The frustrating part? Most of these decisions don't actually need you. They need the way you think—your frameworks, your criteria, your judgment applied to the situation. But that's locked in your head, so they wait.

The Board of One solution

Board of One helps you externalize your decision-making. When you deliberate on decisions, the system captures the frameworks, criteria, and reasoning you use. These become documented patterns that others can reference.

Instead of "let me check with the founder," it becomes "let me check the decision framework." Your judgment scales because it's no longer locked in your head.

1

Deliberate on decisions as you normally would

Describe the situation, get multi-perspective analysis, and make your call.

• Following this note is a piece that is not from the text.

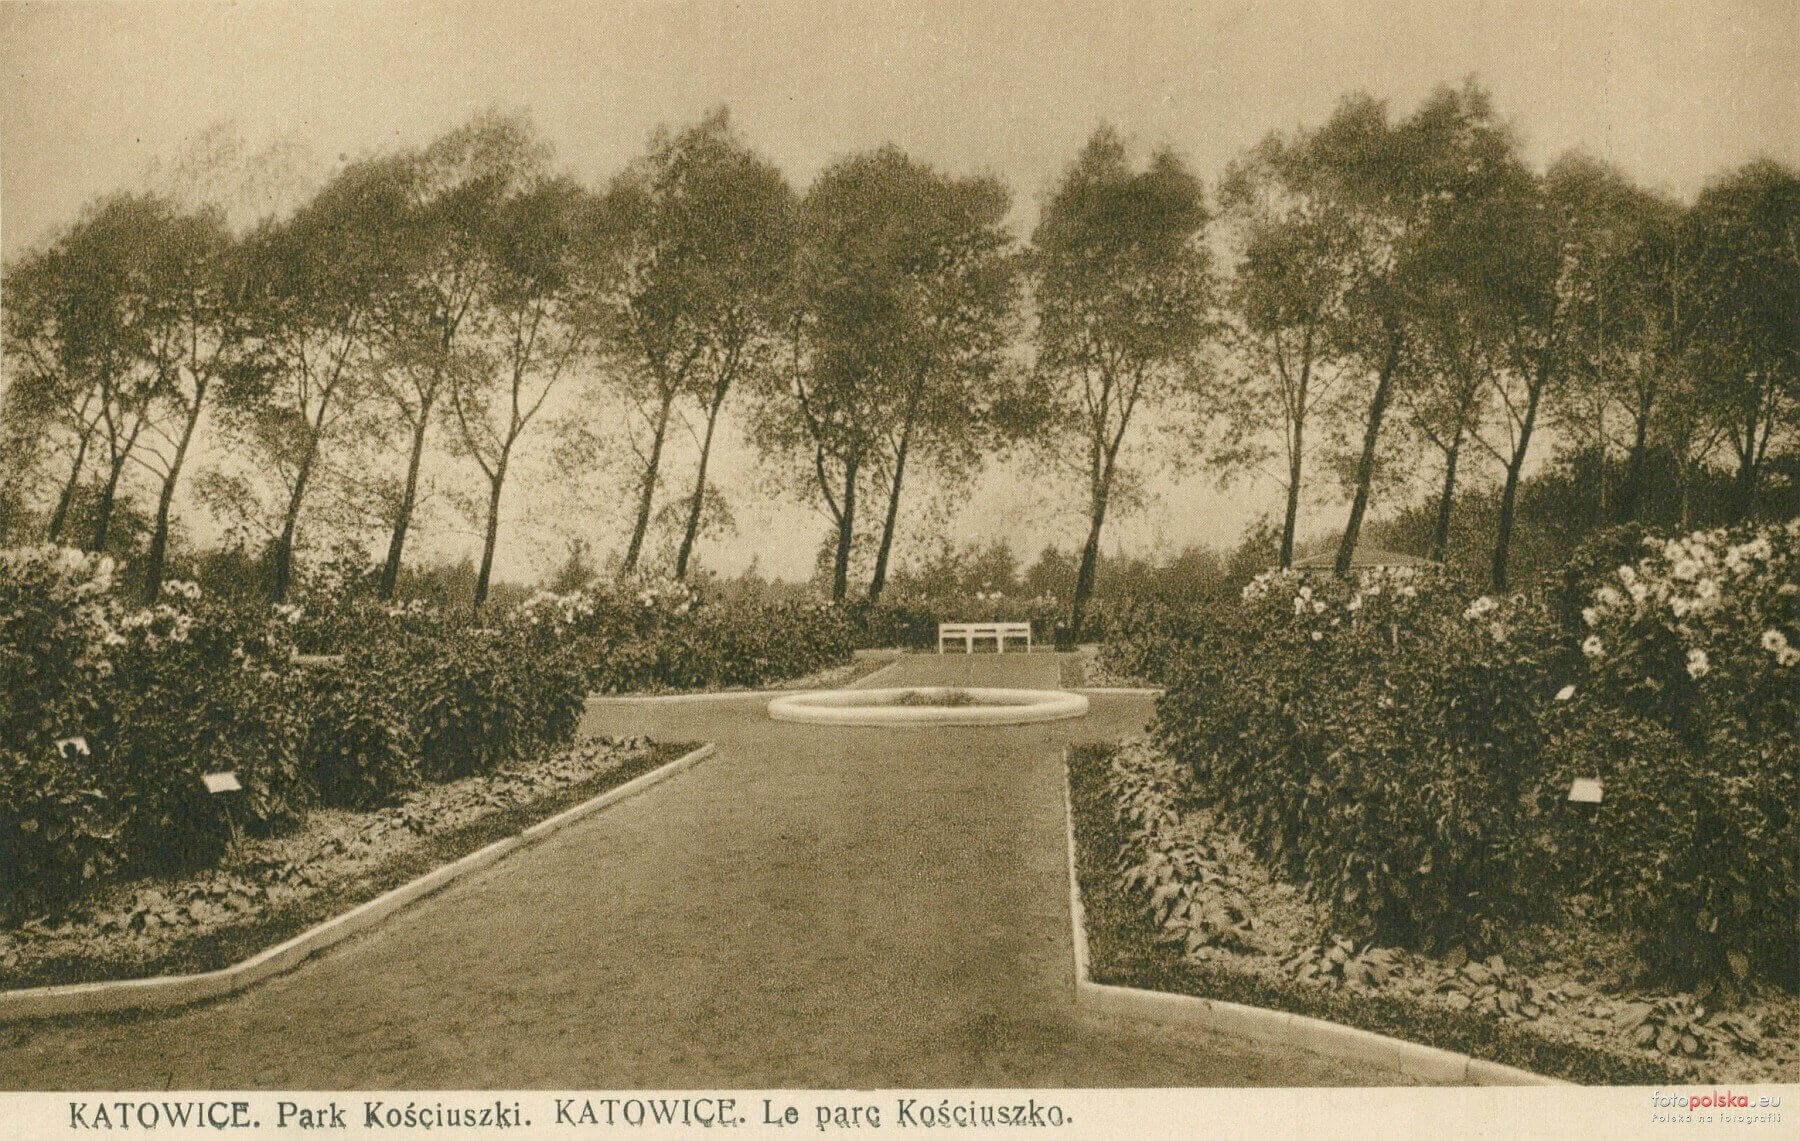 Park Kościuszki, Katowice

Board of One captures the entire process.

2

Build a library of decision patterns

Over time, similar decisions reveal your implicit frameworks. Pricing exceptions, feature prioritization, vendor selection—patterns emerge.

3

Enable others to decide without you

Team members can reference past decisions and frameworks. Similar situation? Check how it was handled before. You review asynchronously, not synchronously.

Who this is for

Stage

Any stage where you have a team that needs decisions from you. Solo founders don't have this problem—yet.

Situation

Your calendar is full of "quick questions." Teams are blocked waiting for you. Strategic work keeps getting pushed.

Mindset

You want to delegate but struggle to let go. You need confidence that decisions will be made well without you.

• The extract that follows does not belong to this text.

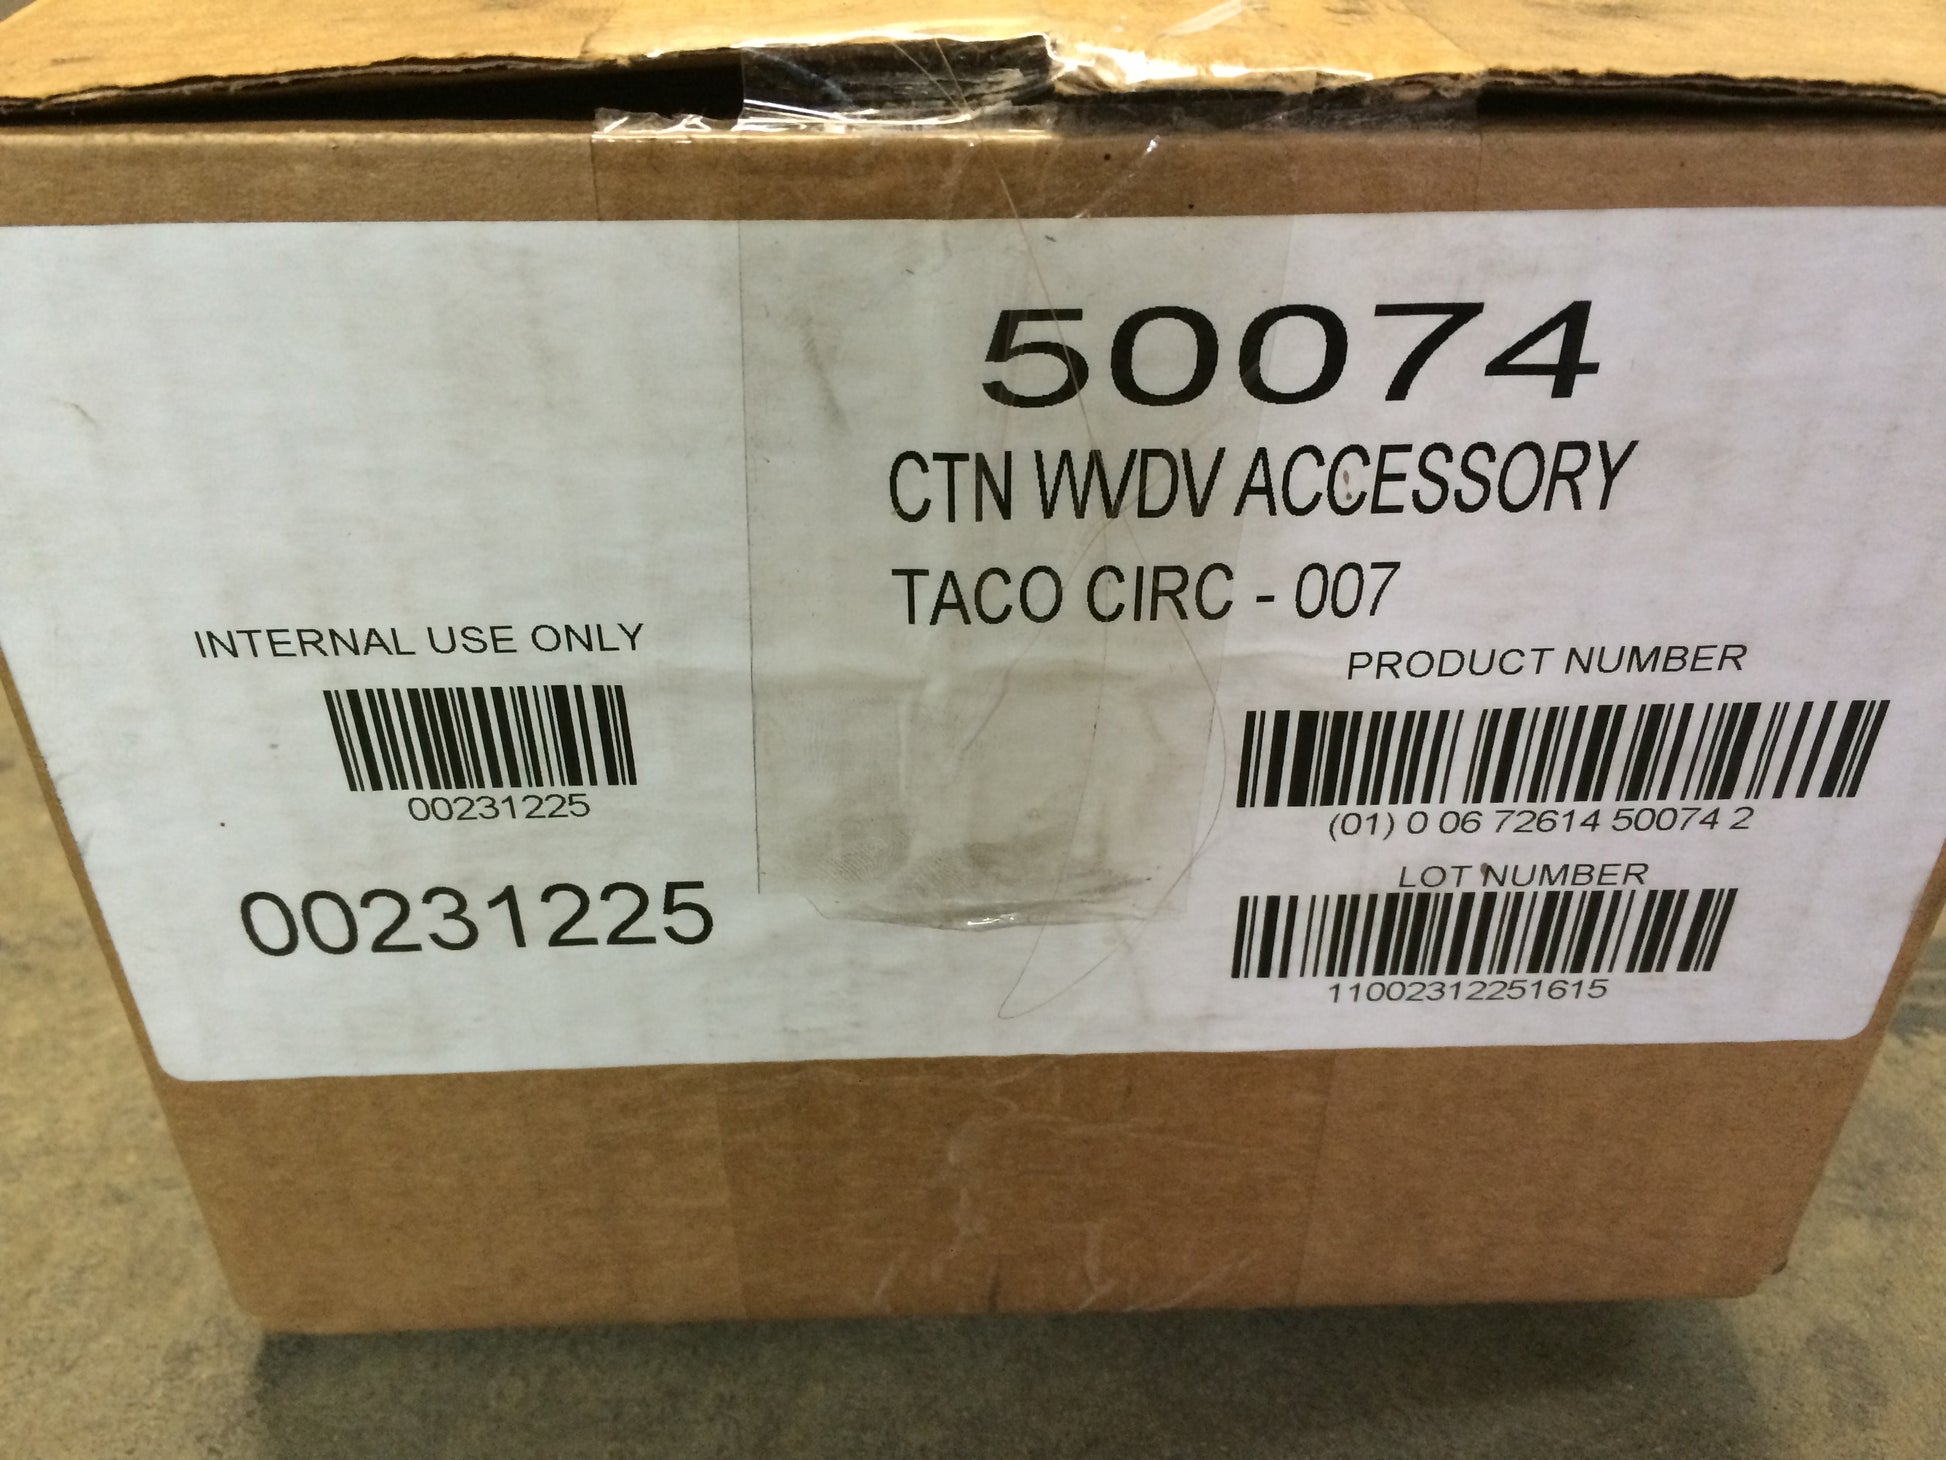 CTN WVDV ACCESSORY KIT INCLUDES TACO 007-HF5 PUMP, 115/60

Signs you're the bottleneck

"Can I get 5 minutes?" is your most-heard phrase

Your inbox has 50+ messages needing your input

Projects stall when you're traveling or sick

You know how decisions should be made but can't articulate it

Strategic thinking only happens on weekends or late nights

You've hired good people but still make most decisions

Frequently asked questions

How does Board of One help me delegate decisions?

By making your decision-making process explicit and documented. When you deliberate on a decision, Board of One captures the frameworks, criteria, and reasoning you use. These become reusable templates. Instead of someone asking "what would the founder do?", they can reference documented decision logic and make the call themselves.

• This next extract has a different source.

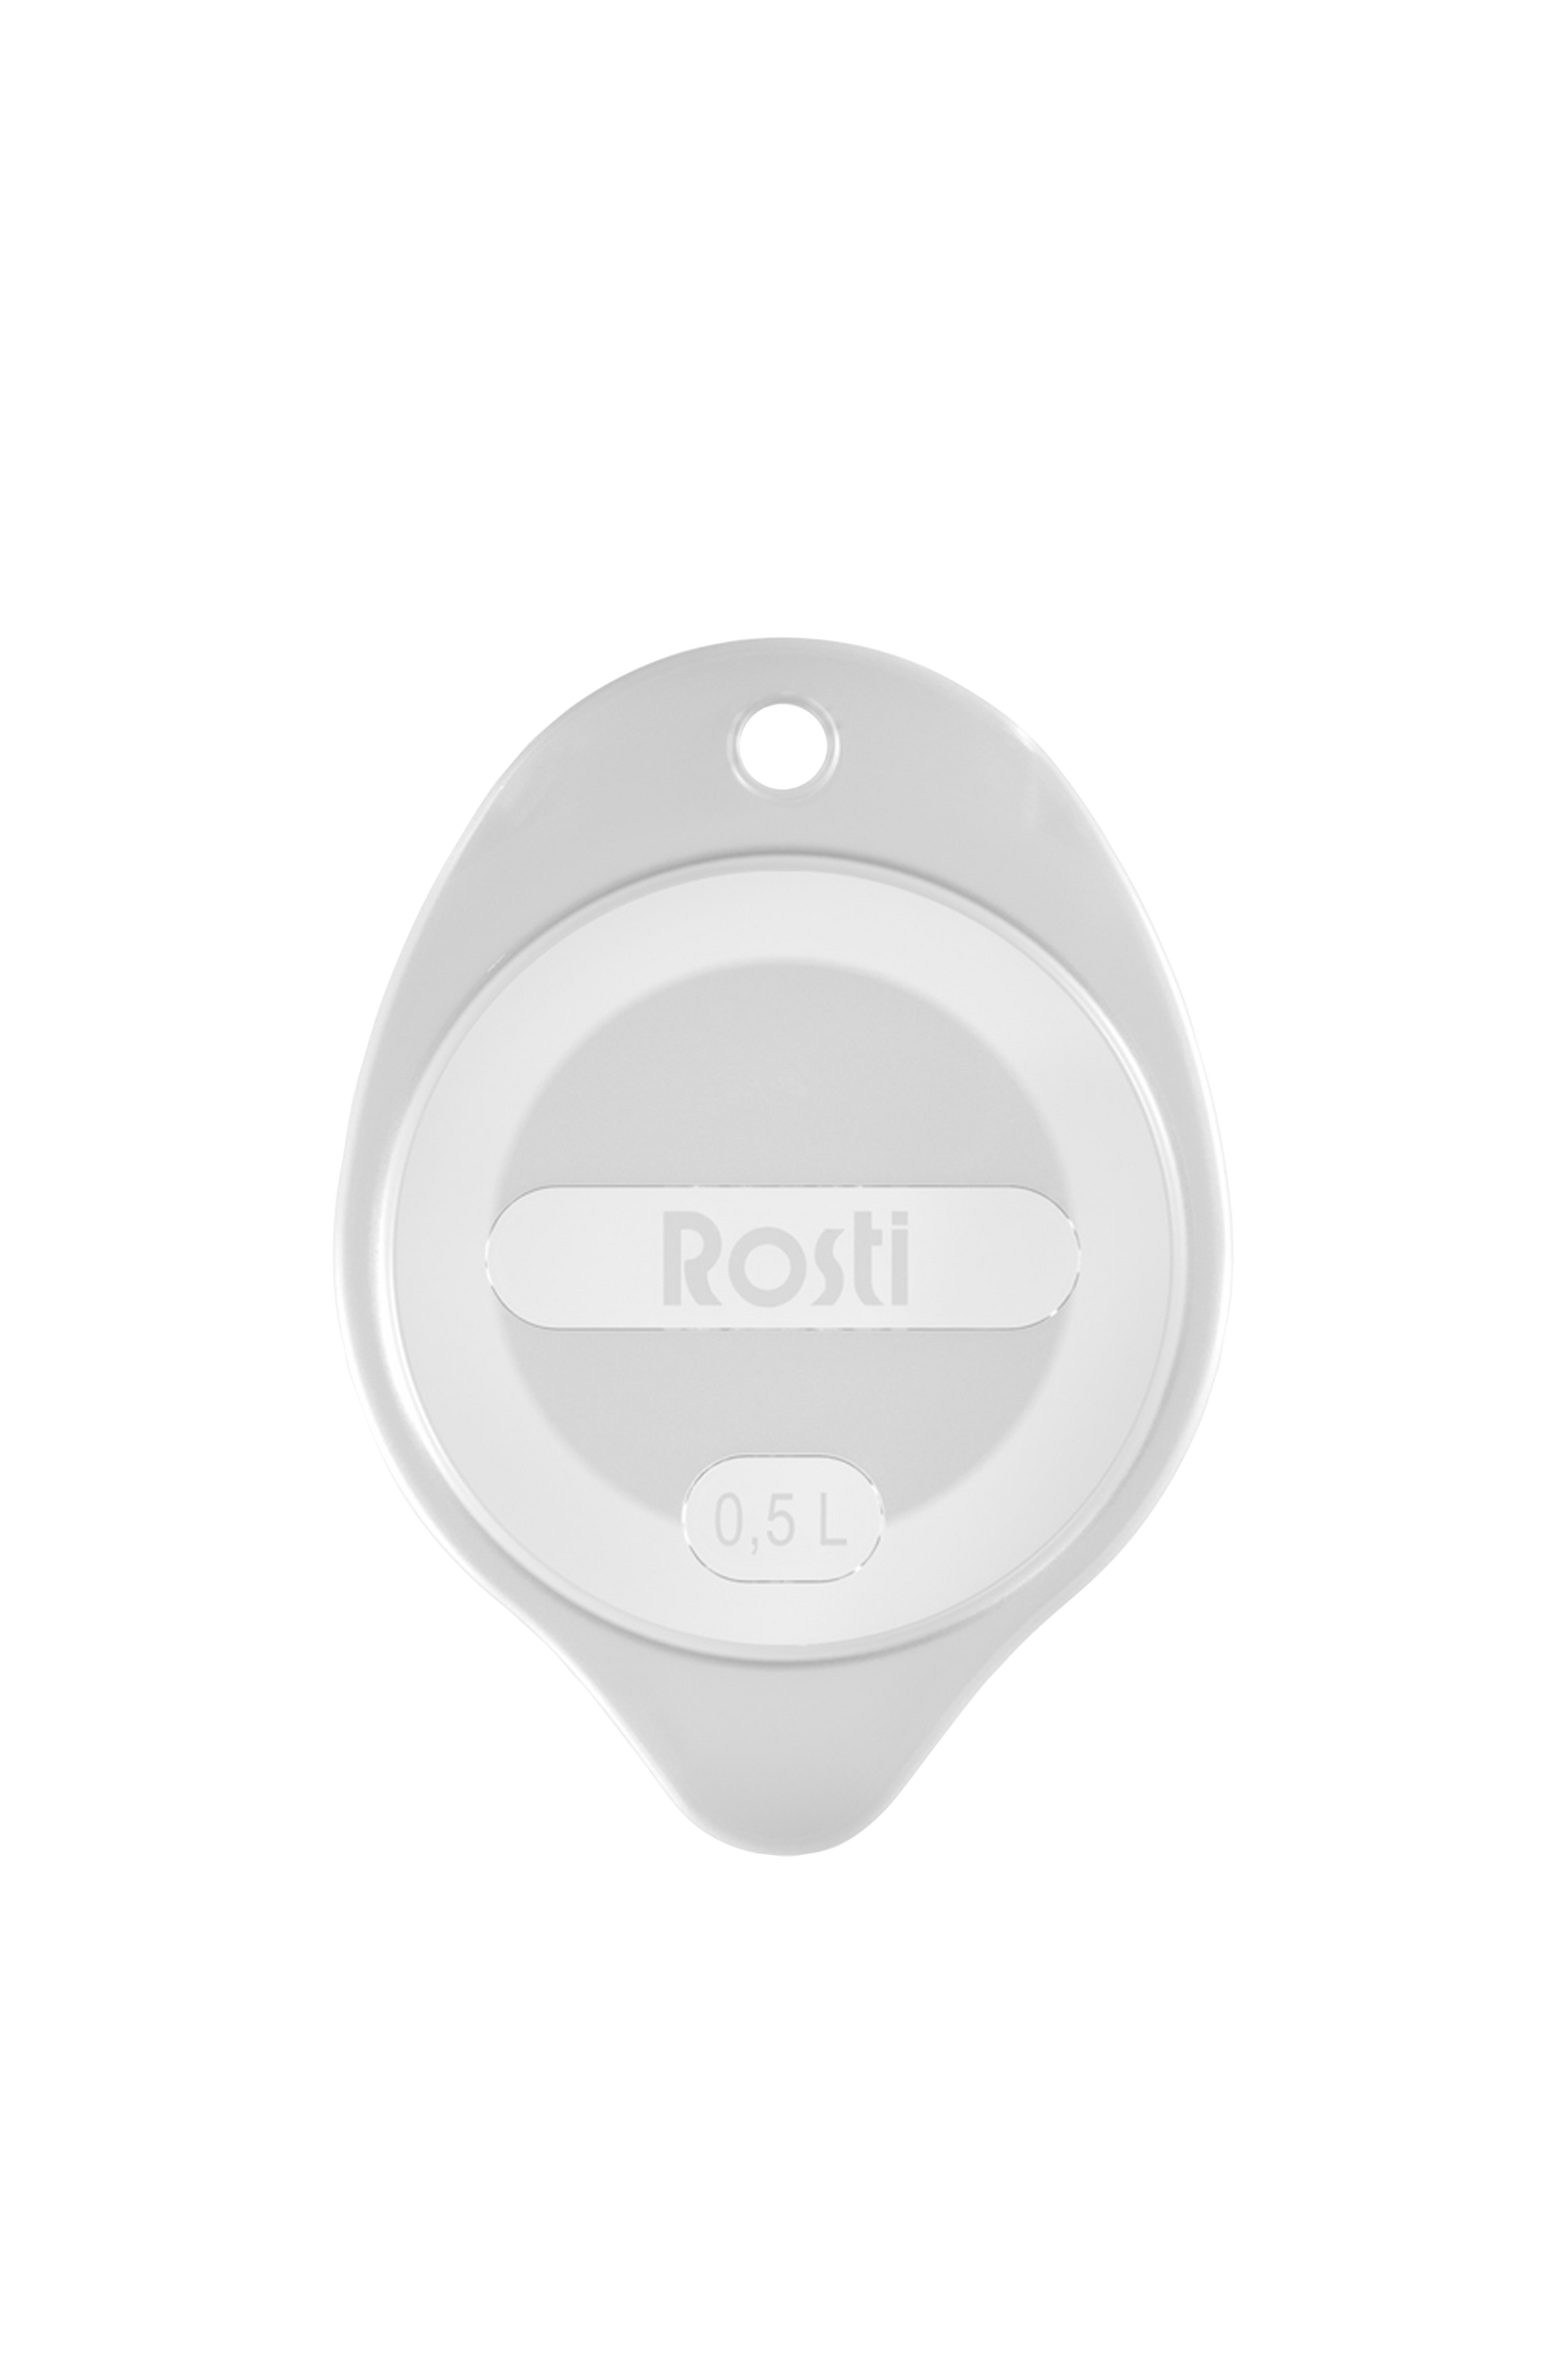 Rosti - Lock till mixkanna från Rosti 0,5 l - Transparent

What if I make different decisions than the system suggests?

That's valuable data. When you override a recommendation, you're teaching the system (and yourself) about implicit criteria that weren't captured. Over time, this surfaces your actual decision-making patterns—often revealing logic you didn't consciously articulate. The goal isn't to replace your judgment, but to externalize and scale it.

I'm afraid of losing control by delegating

The bottleneck usually isn't about control—it's about trust and information asymmetry. When decisions are documented with clear reasoning, you can review them asynchronously instead of being involved synchronously. You maintain oversight without being the blocker. And when something goes wrong, you have documentation to learn from.

Won't this just create more work documenting everything?

Board of One does the documentation automatically during the deliberation process. You think through the decision as you normally would, but the output is structured and searchable. The documentation is a byproduct of decision-making, not extra work. And the time saved by not being consulted on every similar decision far exceeds the time invested.

What kinds of decisions can be "delegated" this way?

Start with decisions that are frequent, have clear criteria, and where the downside of a suboptimal choice is manageable. Pricing exceptions, feature prioritization within guidelines, vendor selection under a threshold, hiring for defined roles. Keep strategic bets and high-stakes irreversible decisions with yourself—but those are rarer than you think.

How long until I see the bottleneck improve?

You'll feel it within a few weeks. The first time someone makes a decision by referencing a previous deliberation instead of scheduling a meeting with you—that's the moment. The compounding effect comes over months as your decision library grows and patterns emerge. Most founders report reclaiming 5-10 hours per week within the first month.